■ **WORK REQUIRED**
A verbatim copy is needed of the lines below from the one containing "DUY6SVR 6 Person" up to and including the one containing "Buy Levi's XX", excluding pictures.

━━━ DATA TO PROCESS ━━━

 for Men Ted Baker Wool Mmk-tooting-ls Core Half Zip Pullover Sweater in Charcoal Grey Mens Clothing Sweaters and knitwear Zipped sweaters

━━━
━━━ DATA TO PROCESS ━━━

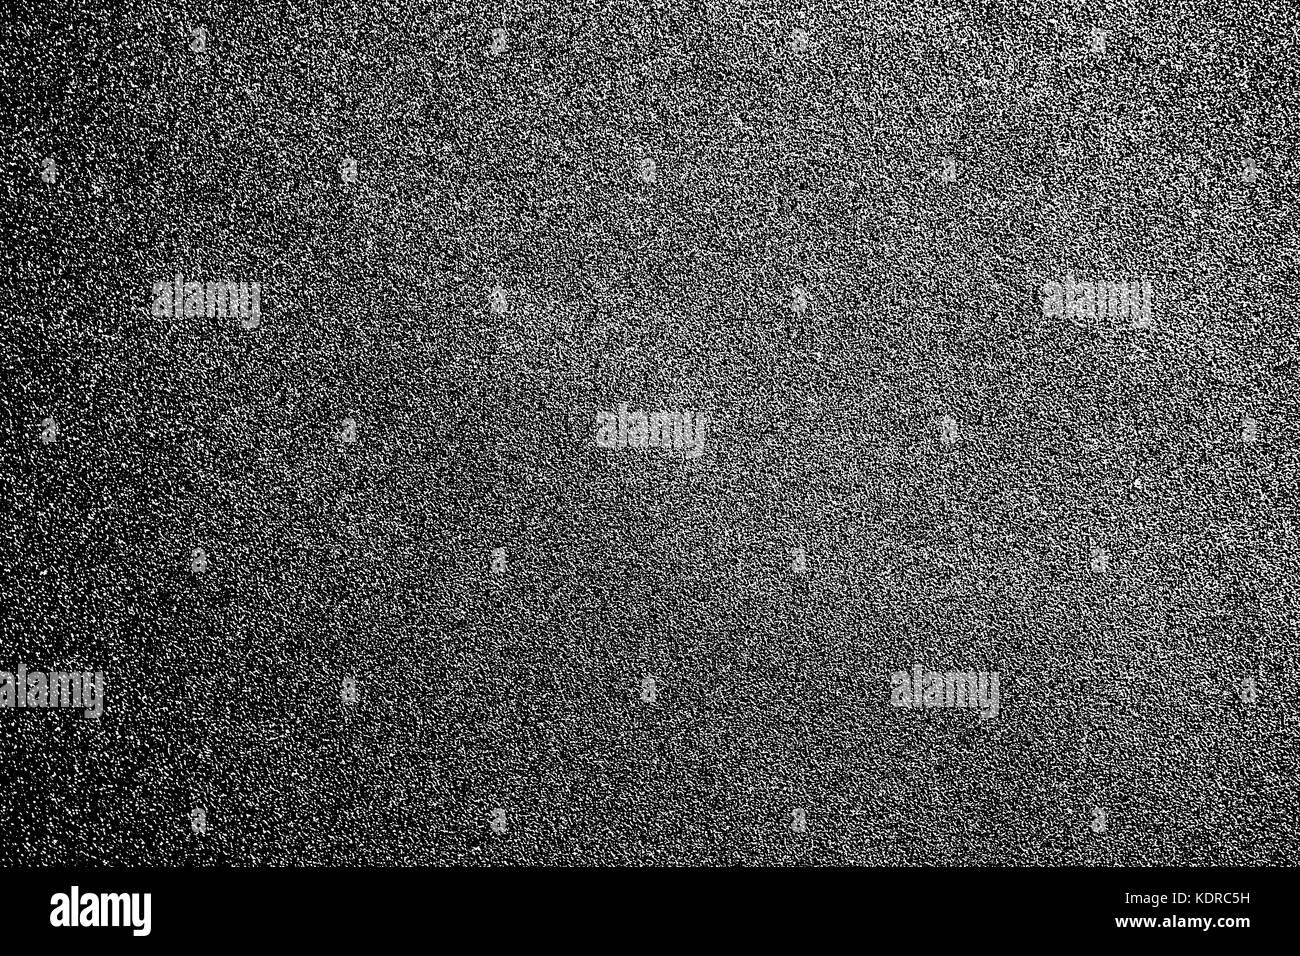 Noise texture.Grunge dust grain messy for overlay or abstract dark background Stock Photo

━━━
━━━ DATA TO PROCESS ━━━

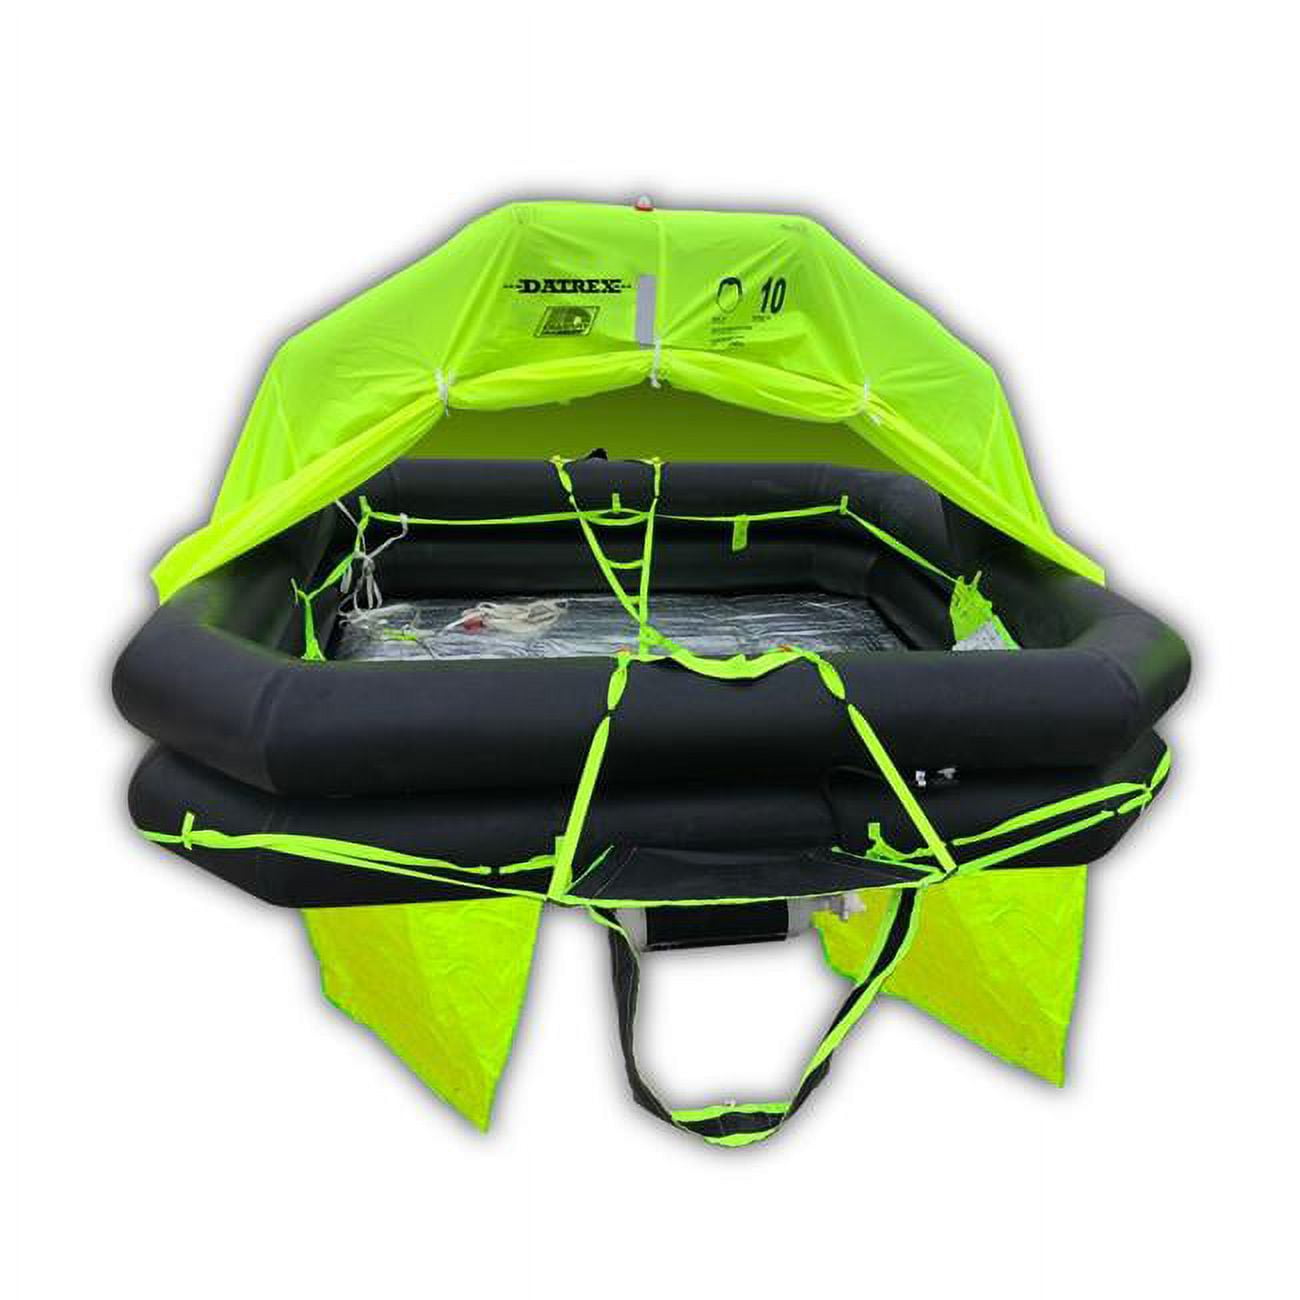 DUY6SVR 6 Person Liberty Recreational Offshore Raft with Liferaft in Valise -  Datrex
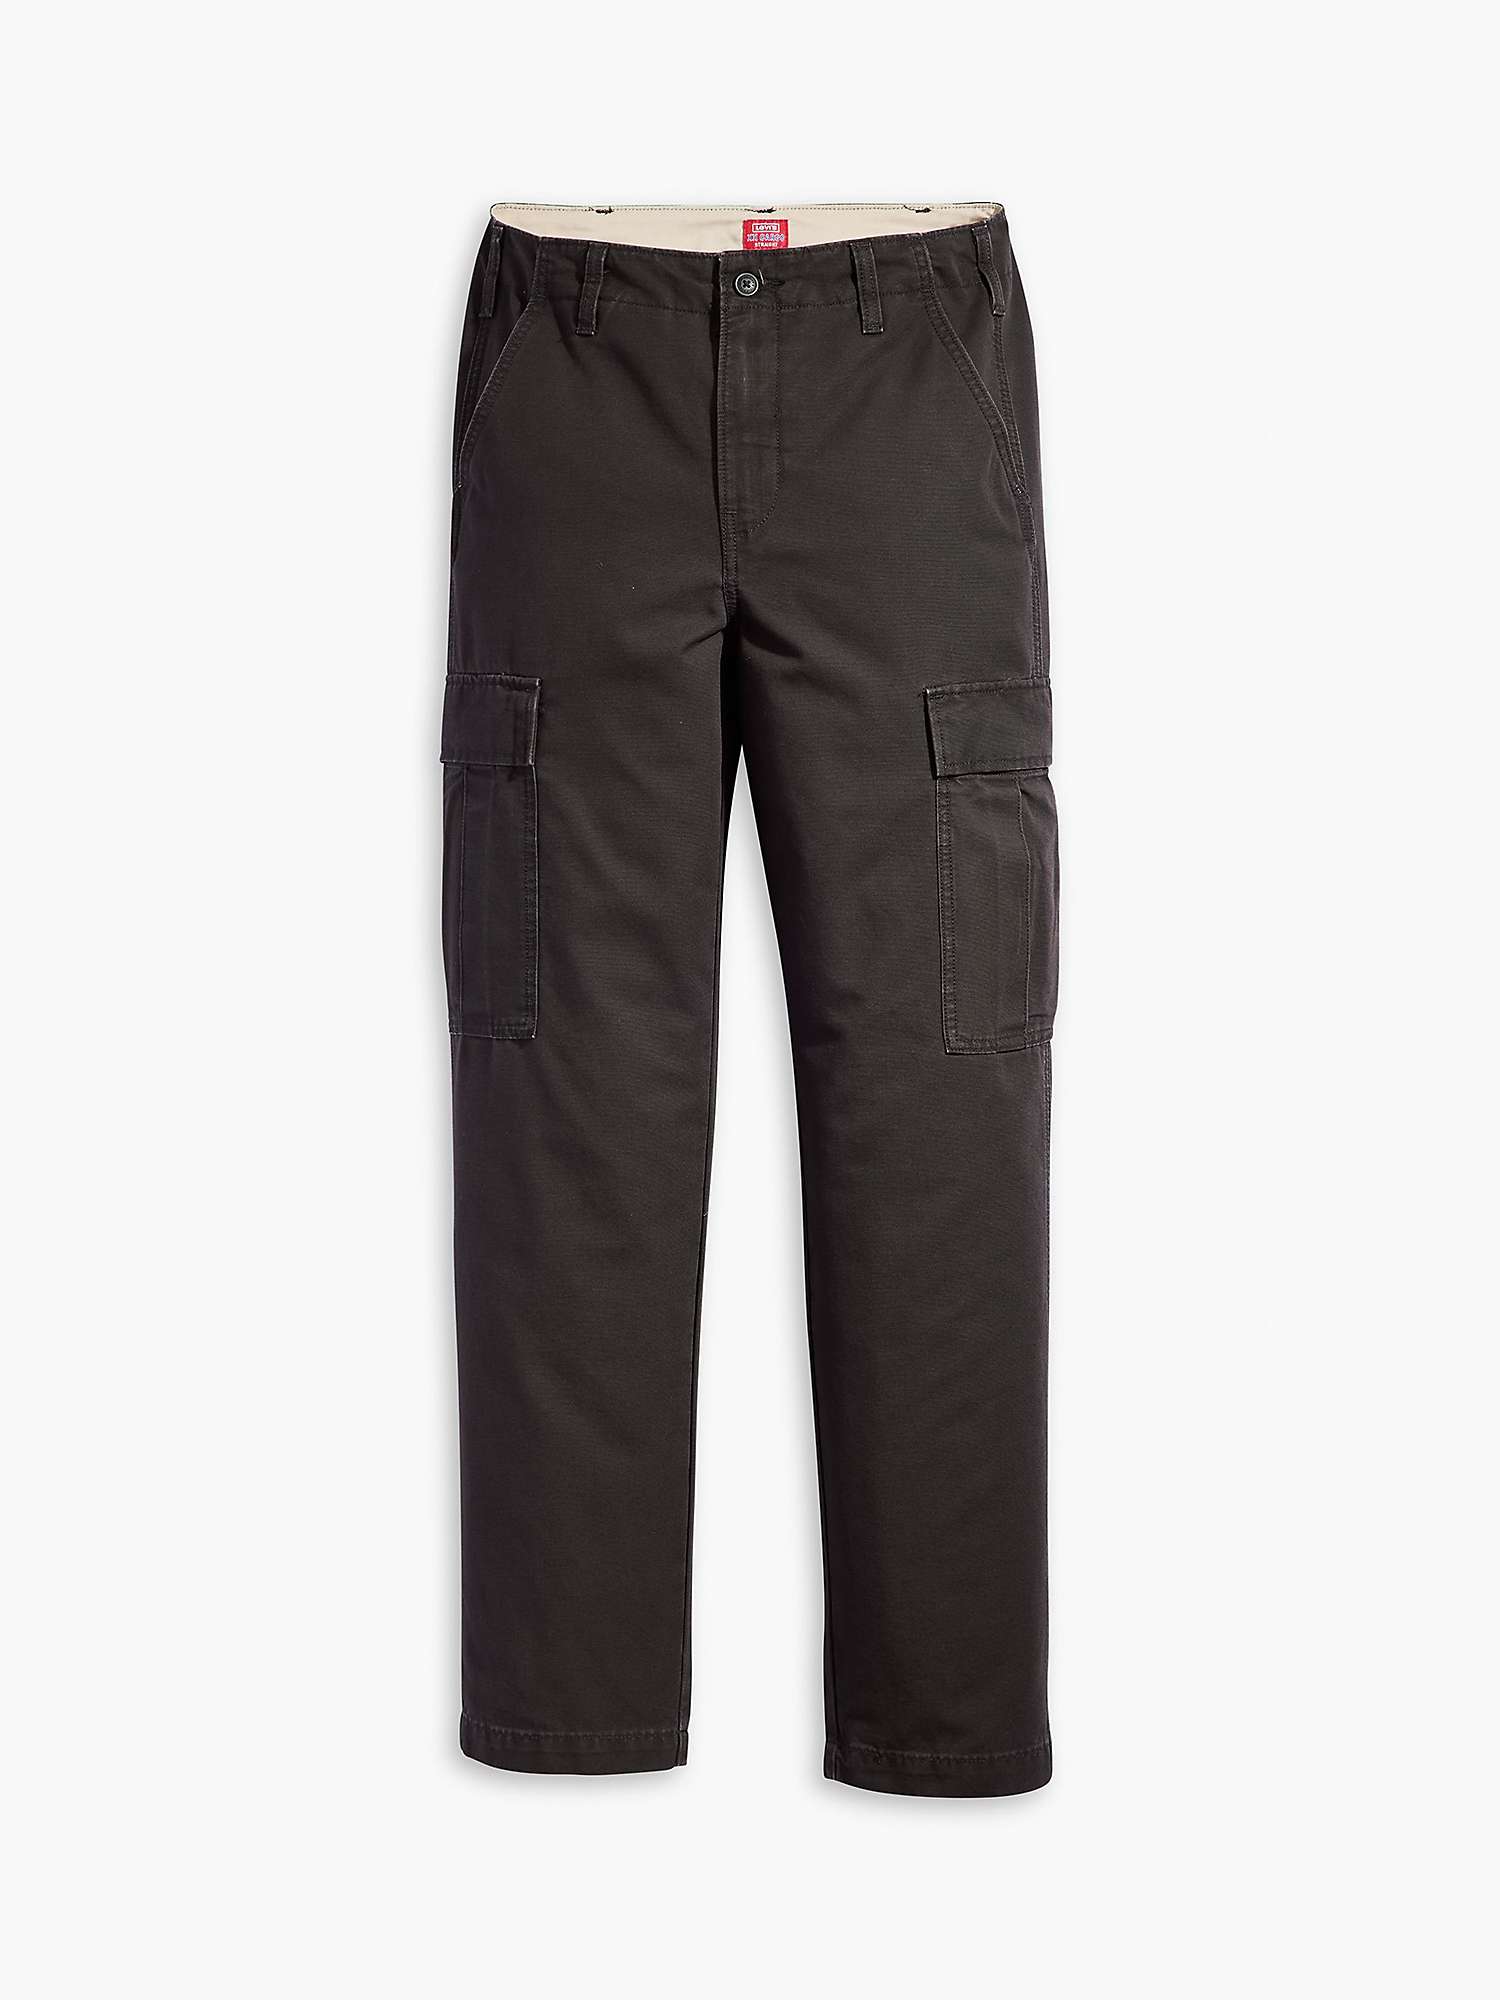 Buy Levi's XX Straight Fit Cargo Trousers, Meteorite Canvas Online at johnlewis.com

━━━

■ **ANSWER SECTION**
 DUY6SVR 6 Person Liberty Recreational Offshore Raft with Liferaft in Valise -  Datrex
 Buy Levi's XX Straight Fit Cargo Trousers, Meteorite Canvas Online at johnlewis.com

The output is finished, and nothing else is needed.